Who gave her the watermelon? Was she asked if she wanted some or was it just put in front of her? To understand why her client felt offended you have to know what led up to it. Is the op approachable and caring or was she there to tick a box and move on.

Lovelysausagedogscrumpy · 03/05/2025 16:09

JHound · 03/05/2025 13:41

Had they eaten watermelon?

Why would the OP say they had eaten watermelon if they hadn’t ? This is the problem I have with the whole thread. So many posters coming from the position that OP must be lying and there must be more to it for it to be escalated. Why didn’t the client tackle OP head on if they were so offended by something she said. Why wait and be polite during the encounter and then make a complaint to the employer ? In that situation I would at least want to verify that OP meant whatever she said in the context in which it was taken.
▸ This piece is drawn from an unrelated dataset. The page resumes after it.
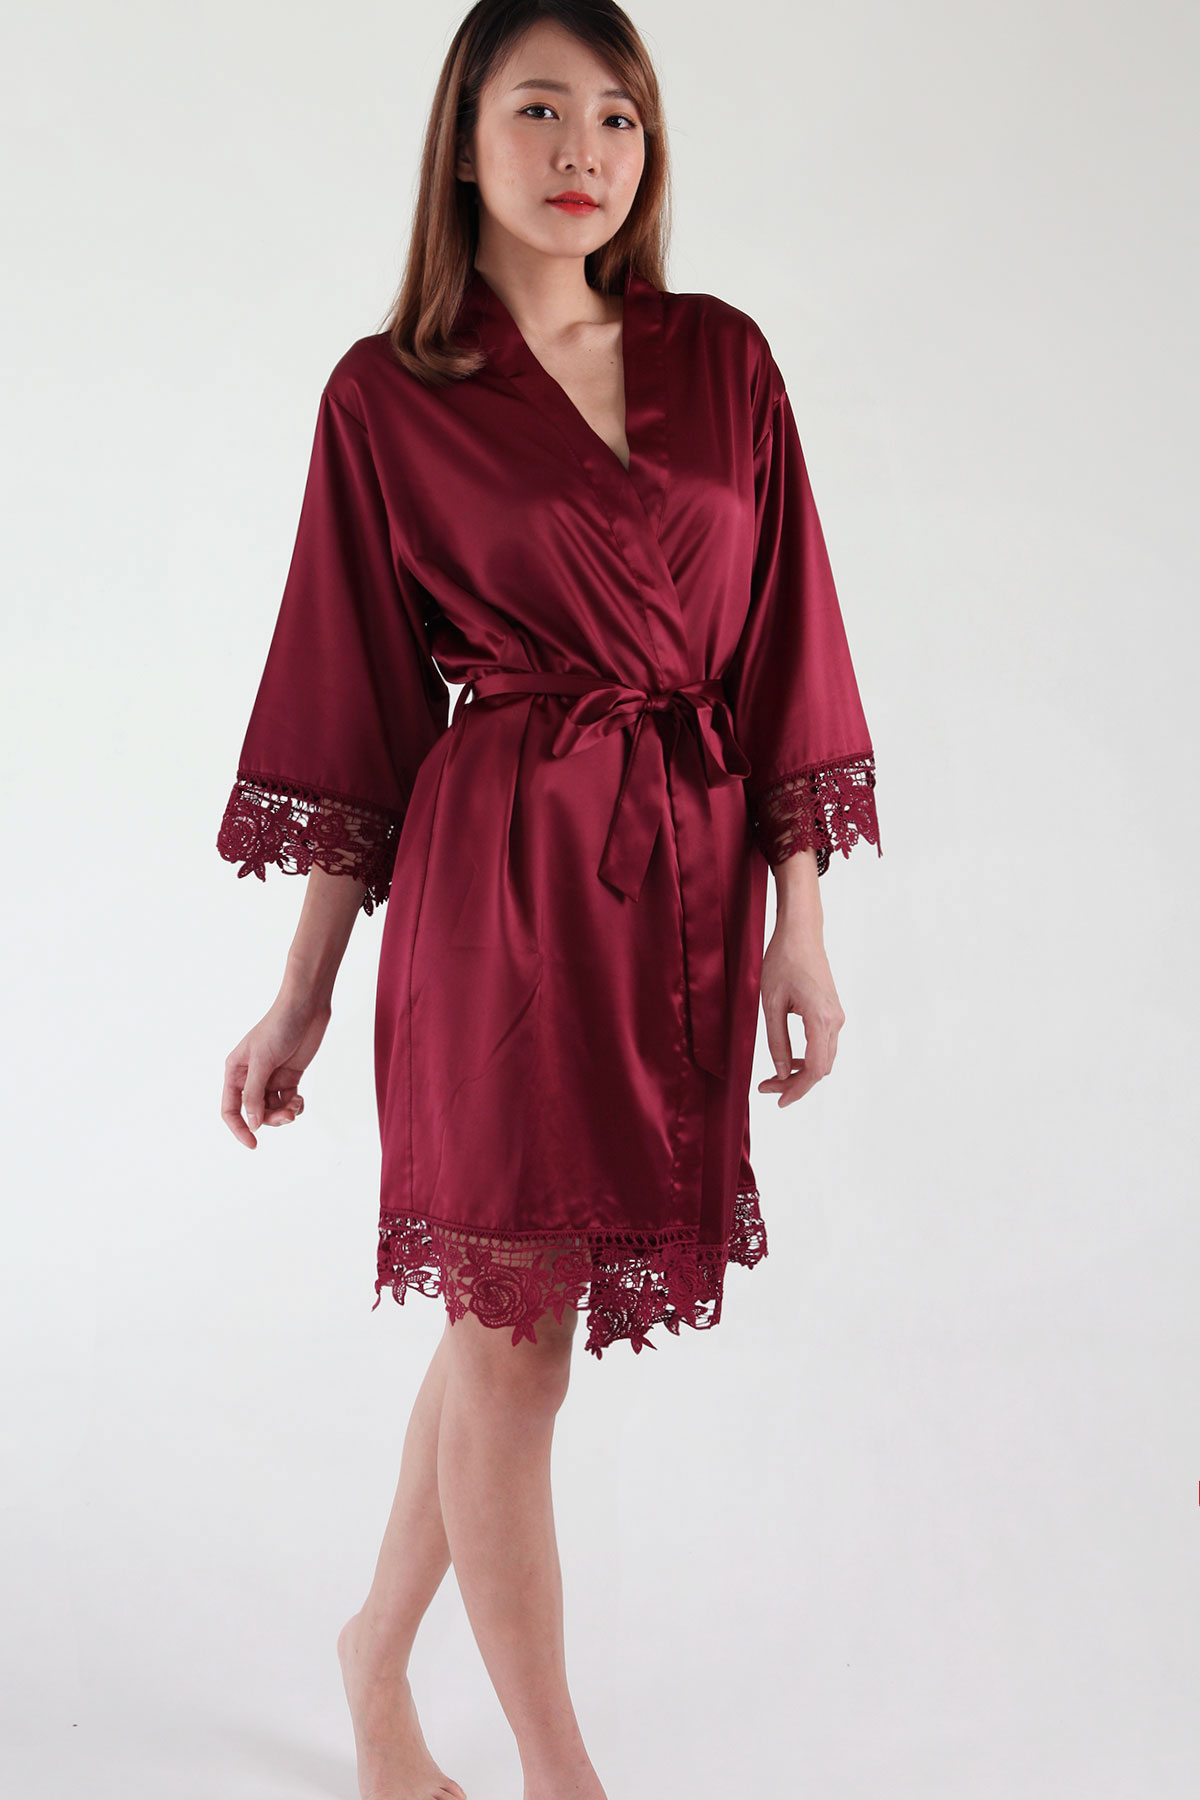 Crochet Trimmed Satin Robe In Burgundy Parsealed

It’s akin to a kangaroo court. OP has to accept that she was perceived as racist even though the thought had never entered her head.

Illprobqblychangemynameagain · 03/05/2025 16:10

missmollygreen · 02/05/2025 20:21

"im not racist, I have black friends"
Sounds like a meme to me. I would NOT say that you cant be racist as you have black family.

I personally feel like if the fanily are her children.... then yes she can say that. If she was racist she wouldn't of chosen to have black children surely?